■ **What you will do**
Copy out the data in full and exactly, passing over the pictures.

■ **Raw data**
◇ ◇ ◇ ◇ ◇
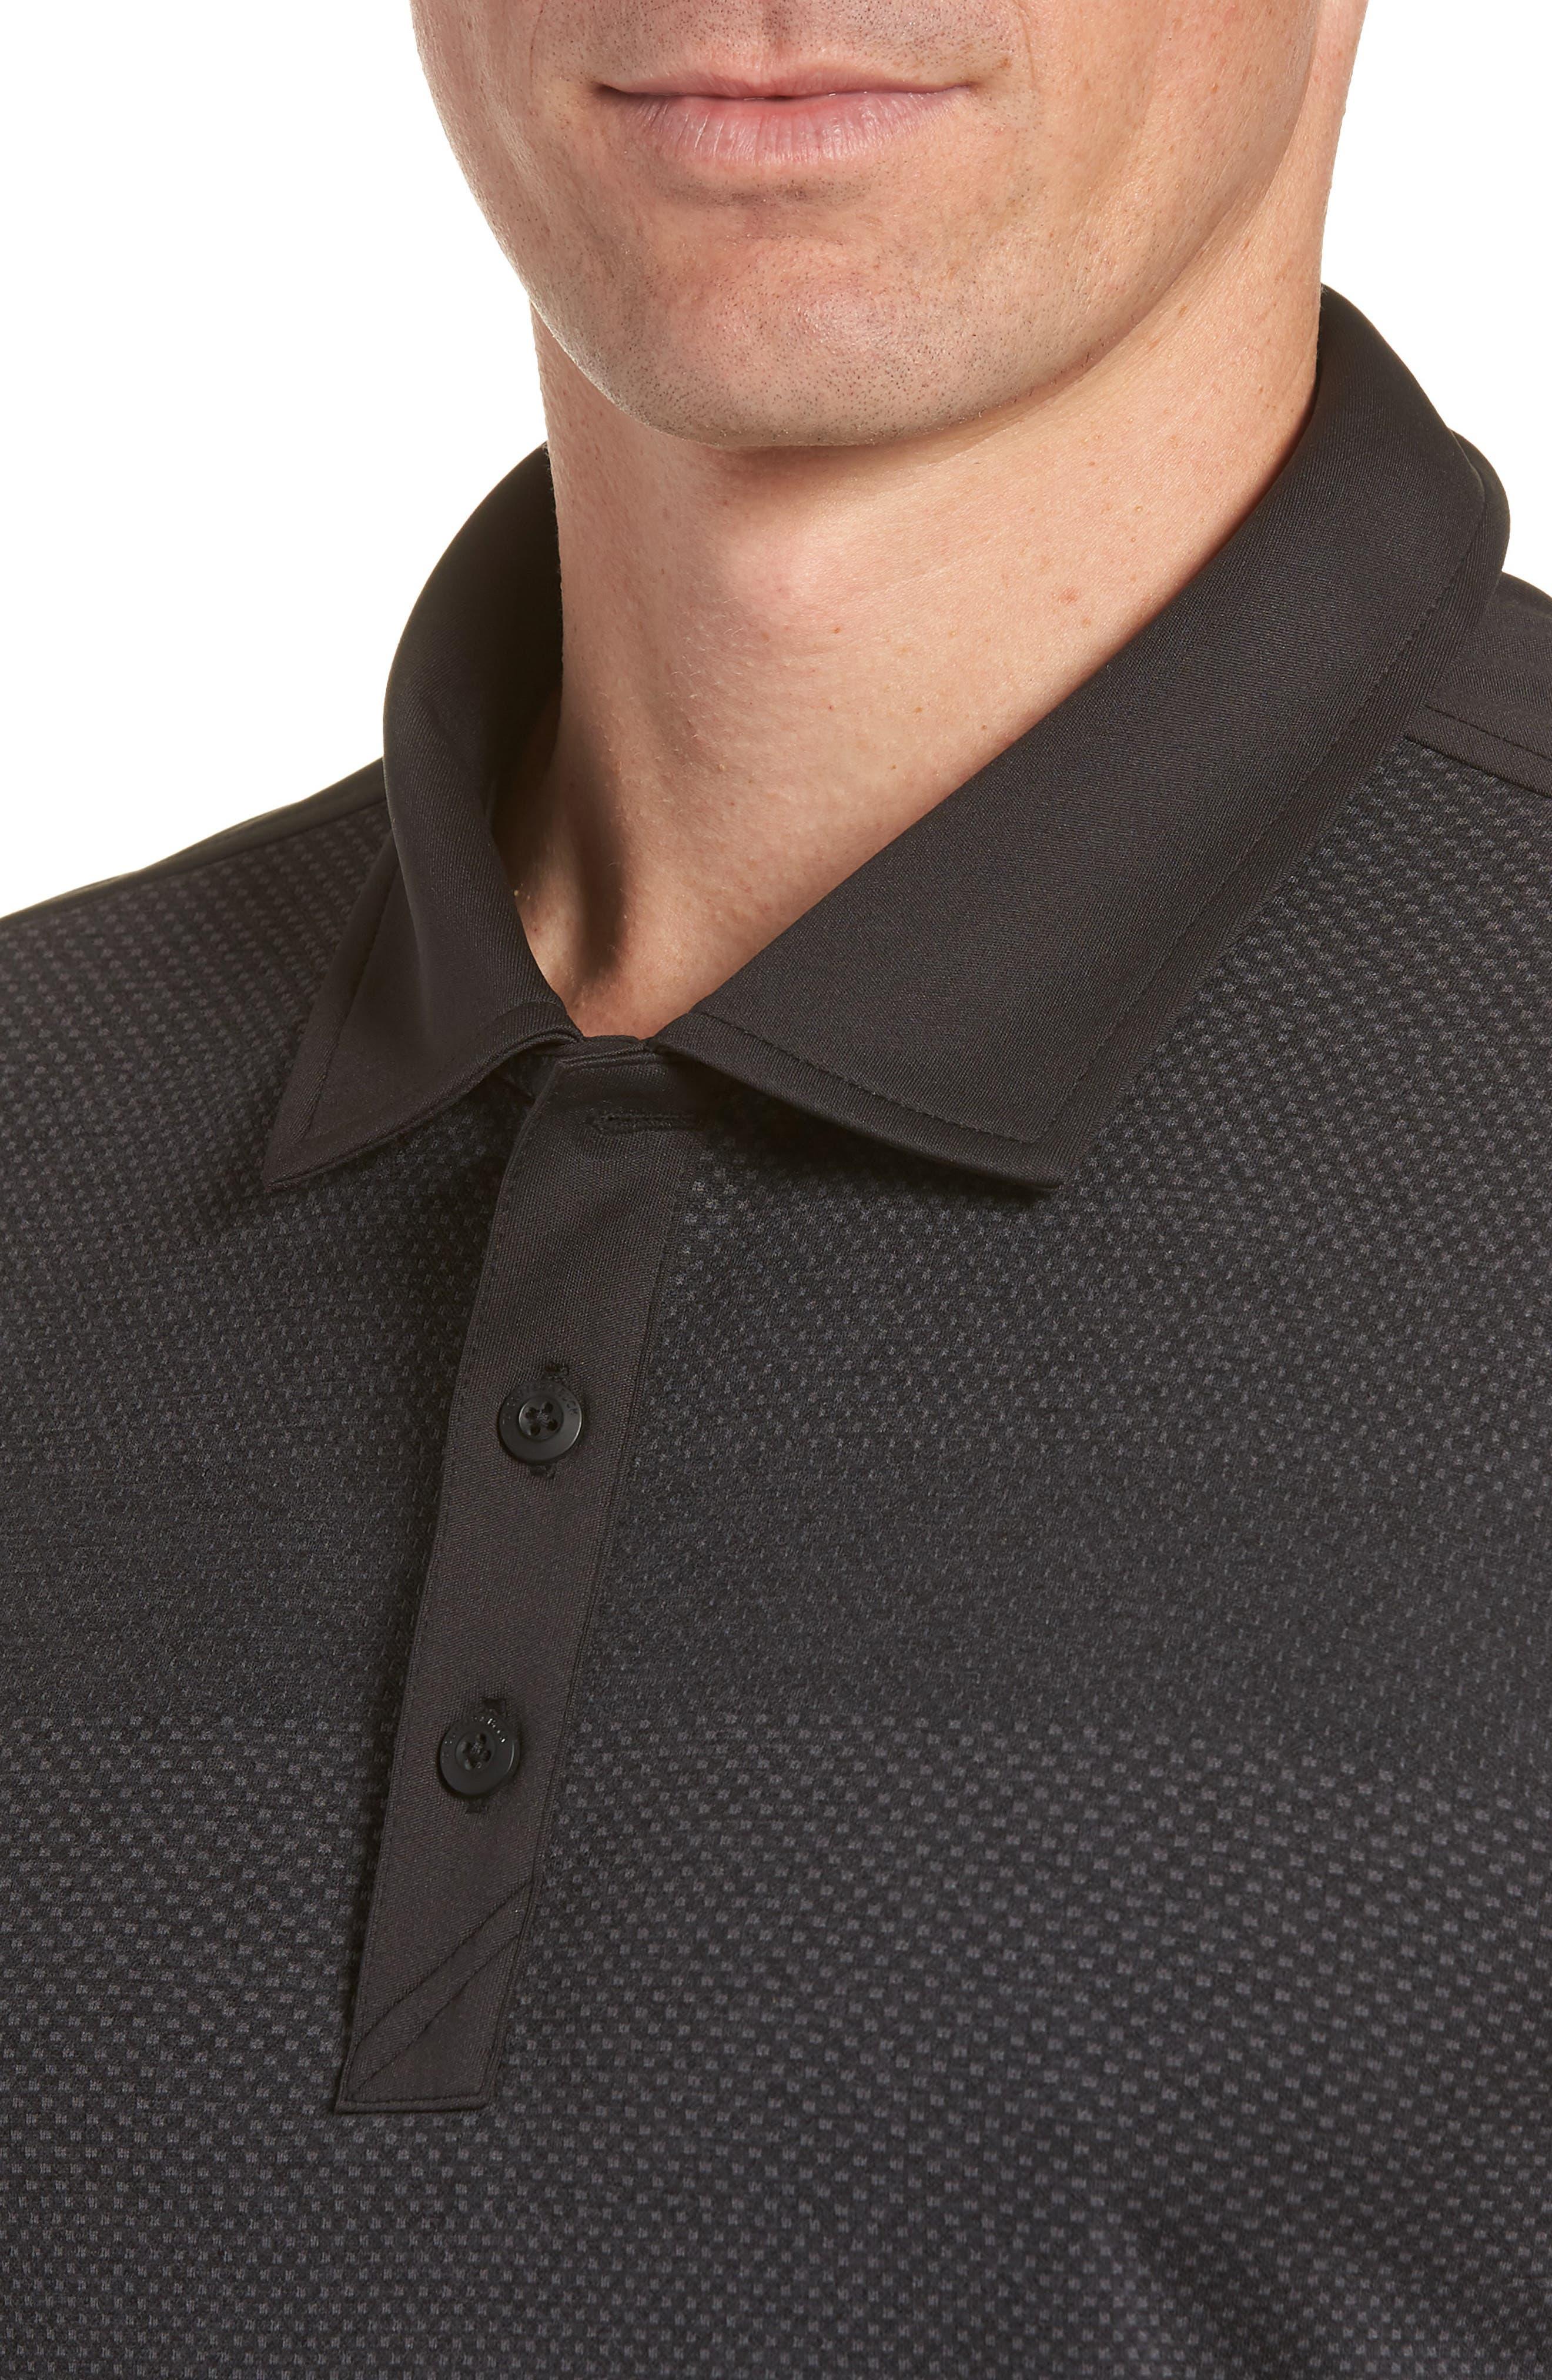 Crescent Striped Polo,                             Alternate thumbnail 4, color,                             BLACK
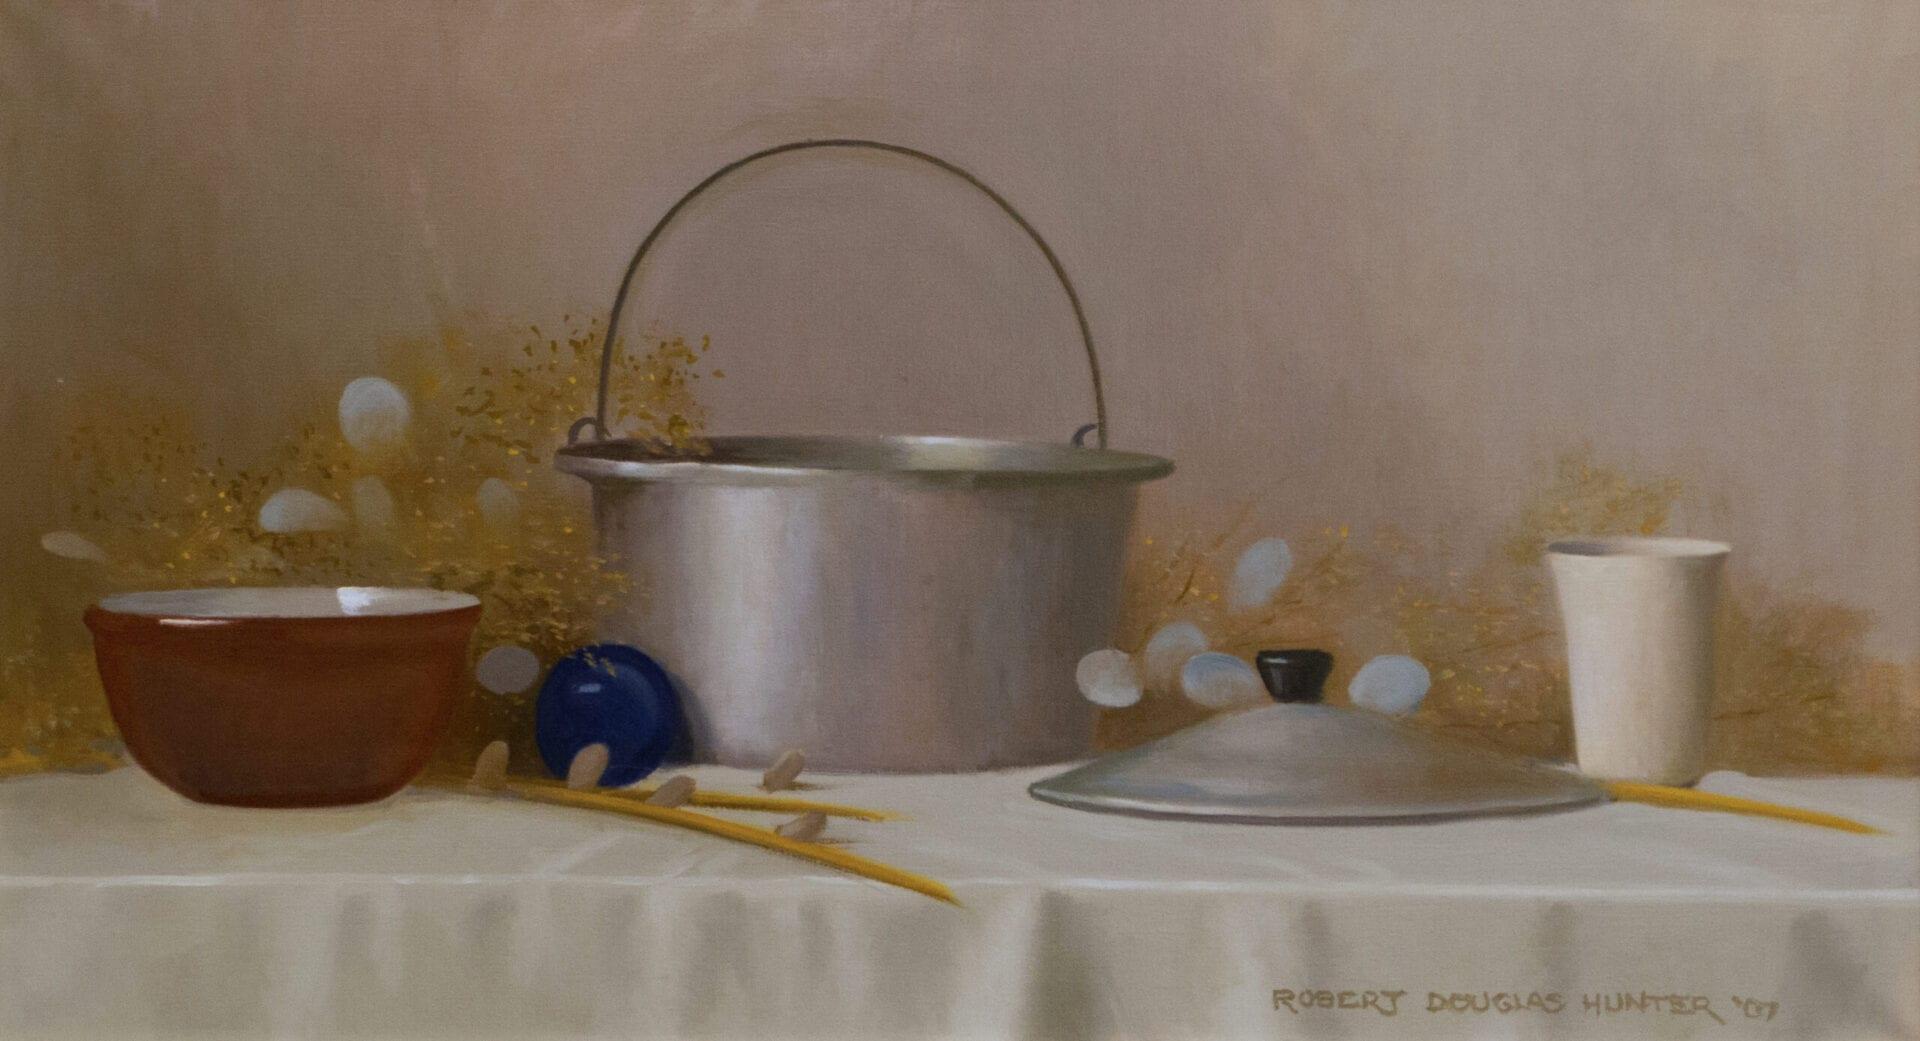 Robert Douglas Hunter - Still Life with Aluminum Cooking Kettle
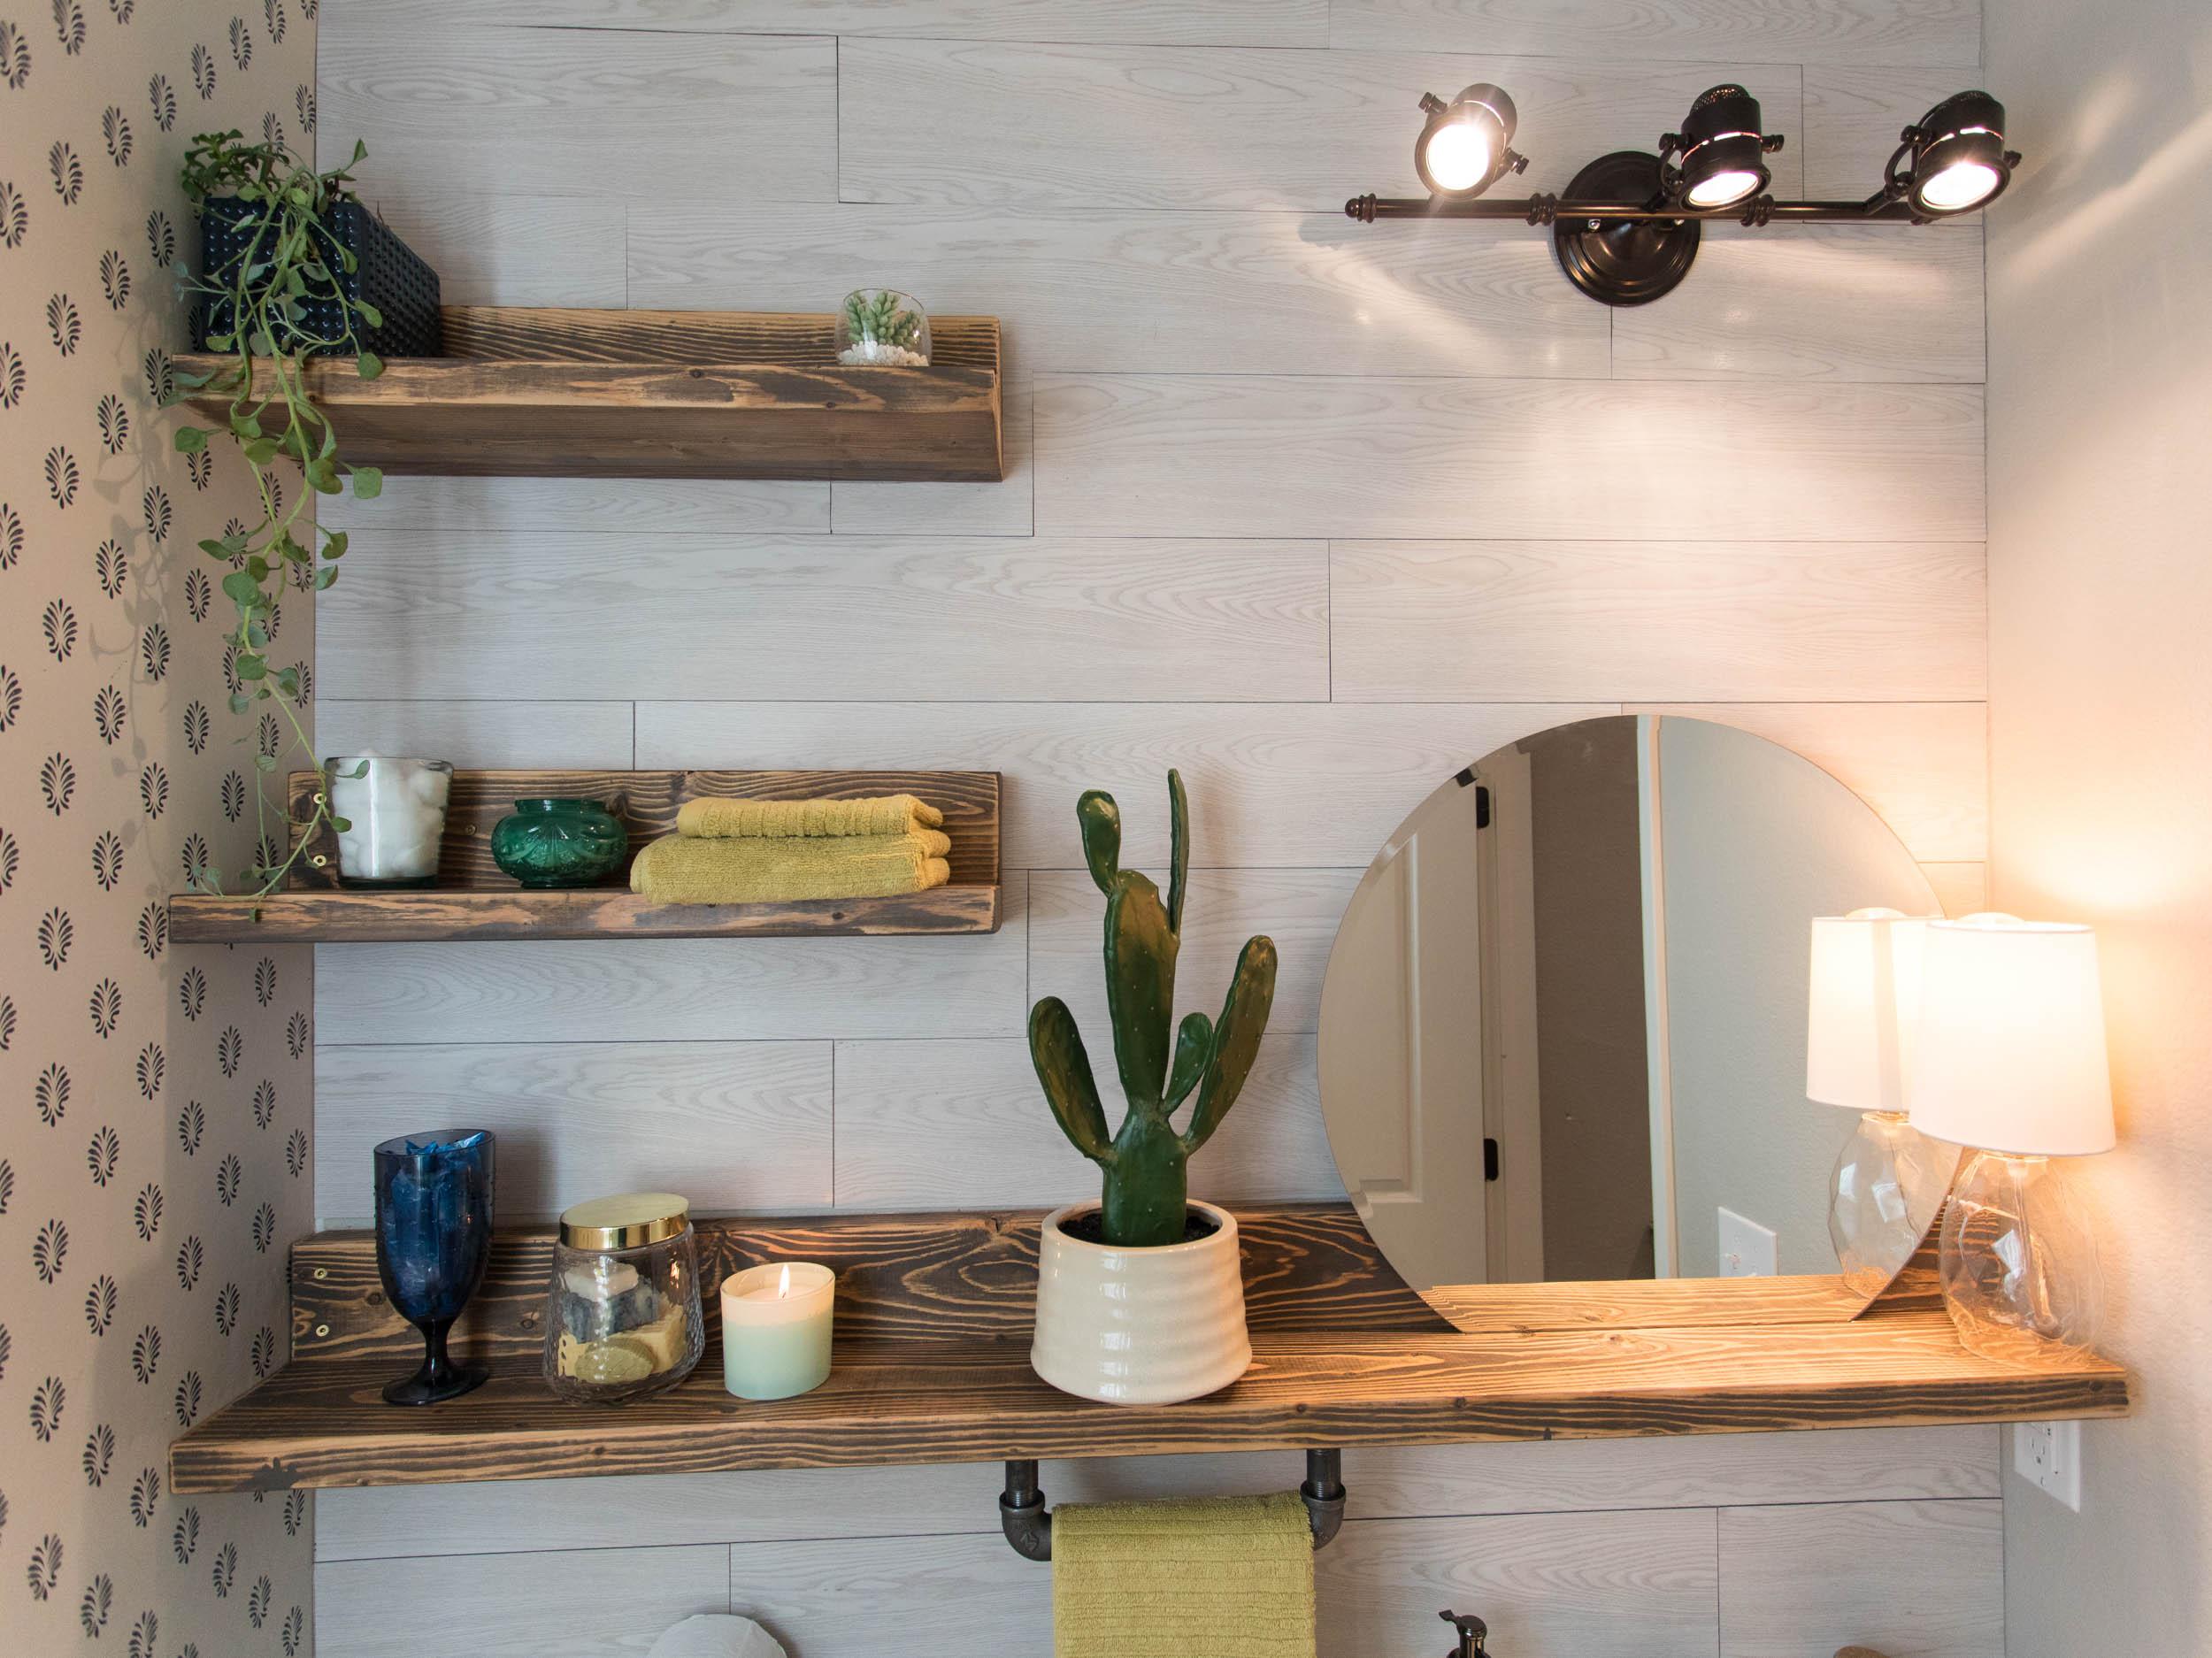 powder bath room renovation | powder bath ideas | small bathroom renovations
◇ ◇ ◇ ◇ ◇
■ **Written reply**
 Crescent Striped Polo,                             Alternate thumbnail 4, color,                             BLACK
 Robert Douglas Hunter - Still Life with Aluminum Cooking Kettle
 powder bath room renovation | powder bath ideas | small bathroom renovations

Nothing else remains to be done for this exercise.